LAWRIE WILLIAMS: Gold stuttering. All else playing catch-up
We had been commenting earlier this week that almost all asset classes, with the exception of gold, had been suffering significant downturns in price. Now it looks like the markets had been a bit premature and for the past couple of days, they have been seeing yet another trend reversal. Equities, bitcoin and the oil price were all picking up and gold was stuttering, with the latter managing to stay mostly above the $1,800 level – but only just. Indeed it did spike down well below $1,800 in this morning’s trade in Europe but was picking up slightly at the time of writing, although remaining still a couple of dollars short of $1.800.
The gold stocks were correcting too.
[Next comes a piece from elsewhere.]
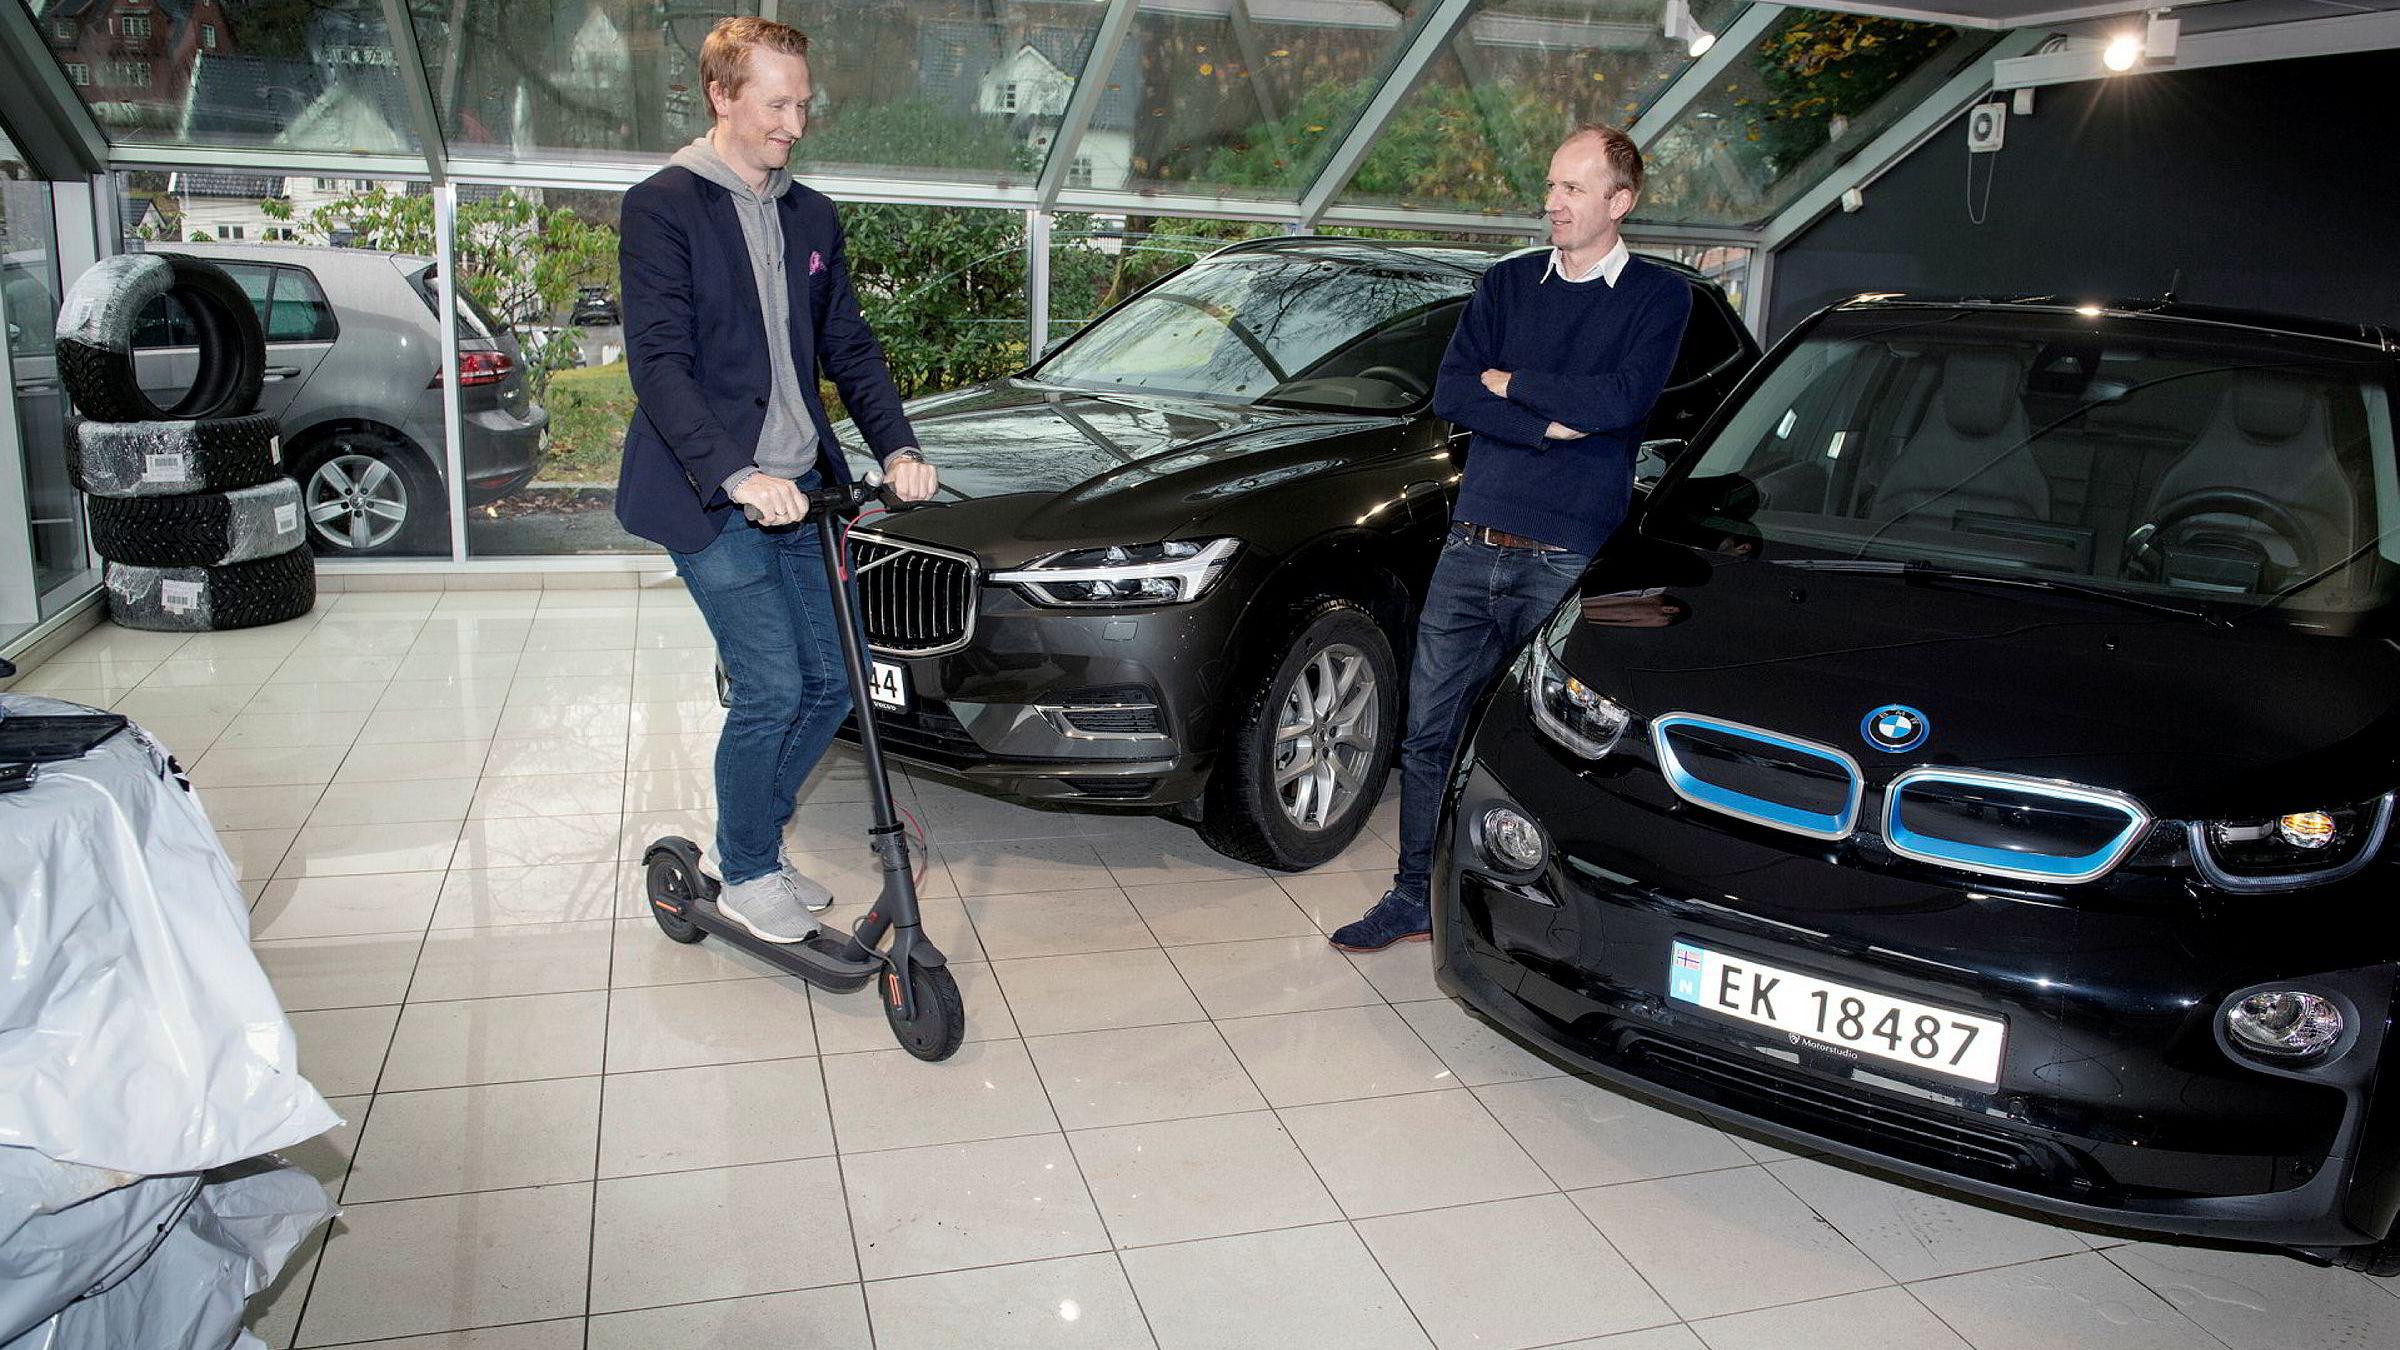 Interessen for bilabonnement ser ut til å vokse. Hans Kristian Aas (til venstre) og Gunnar Birkenfeldt i startup-selskapet Imove tror fleksibilitet trumfer det meste i usikre tider.

After some heavy falls on Monday, despite gold’s reasonable performance when all else seemed to be trending downwards, the major gold indexes were all moving down along with the general equities sector. For the past couple of days, though, they have been trending in a positive direction again, despite gold itself now looking weaker. As we have stated before, at a gold price of $1,800 an ounce, most should be putting in a strong profit performance – and dividend payers should be able to generate excellent returns for their shareholders.
Perhaps key to gold’s likely future performance is that rising inflation levels, coupled with the U.S. Fed’s apparent reluctance to implement any tapering until unemployment levels are at, or near, pre-Covid levels, will keep real interest rates increasingly negative. Given that gold’s oft-cited principal negative attribute is that it is a non-interest bearing asset, then when real interest rates turn negative that is usually a huge positive for the gold price. In this latest case negative interest rates look to be becoming ever increasingly high and likely to persist for at least the next two years – and probably longer. That is a massive positive for gold investment and its role as a protector of wealth. But the yellow metal is still likely to face headwinds as it is currently. Much will depend on the Fed holding its nerve and not starting to taper earlier than it has been saying. However, even if it does it is unlikely to raise interest rates sufficiently to counter the negative real rate situation.
We had commented in earlier articles that July and August had been strong months for the gold price in the past couple of years, but Jeff Christian of New York-based metals consultancy, CPM Group, points out that these months historically have been weak months for precious metals prices, which is certainly what we are seeing for July at the moment. The past two years may just, therefore, prove to be exceptions to thye normal northern summer investment blues.
We have also seen another potentially very positive piece of news for gold, though, in that the Brazilian central bank has joined what seems to be an increasing list of countries expanding their gold reserves by quite significant amounts. Central banks have been increasing their reserve holdings for some year, but the bulk of these rises had been coming from only two countries – China, which officially ceased gold buying a couple of years ago, and Russia which had also ceased official gold purchases in favour of persuading its gold miners to sell their output on the international market (according to Metals Focus Russia is currently the world’s second largest global gold producer after China) in order to alleviate some adverse balance of payments trends caused by the huge fall in oil and gas prices – previously its biggest export earner.
So far this year, while China and Russia have apparently stayed out of the gold-buying coterie altogether, we have seen announcements of major gold purchases from Hungary (63 tonnes) and Thailand (90 tonnes), as well as the recent Brazilian one (41 tonnes), and intimations from some other countries – notably Poland and Ghana that they are planning to add significant amounts of gold to their reserves too. There could well be others! Meanwhile countries like India and Kazakhstan have been regular monthly gold buyers for at least the past couple of years. Overall it looks, therefore, that central banks will remain strong purchasers of gold for now, which is definitely a big positive for gold’s supply/demand fundamentals.
There are worries that new variants of the COVID-19 virus are setting the world back in its efforts to reduce its impact. We have seen, for example, a very worrying massive increase in new daily numbers of virus infections in the U.S., which is the primary driver of most markets – including precious metals. With a big anti-vaccination element apparent in the world’s biggest economy, this is only likely to get worse before it gets better and this will likely have an undue impact on equity markets, and perhaps on bitcoin and the more industrial demand-driven precious metals, once the public becomes fully aware of the extent of this problem. As happened earlier in the week gold could well benefit as a safe haven, but equities could suffer again as impressions of a rapid forthcoming end to the pandemic seem to receding.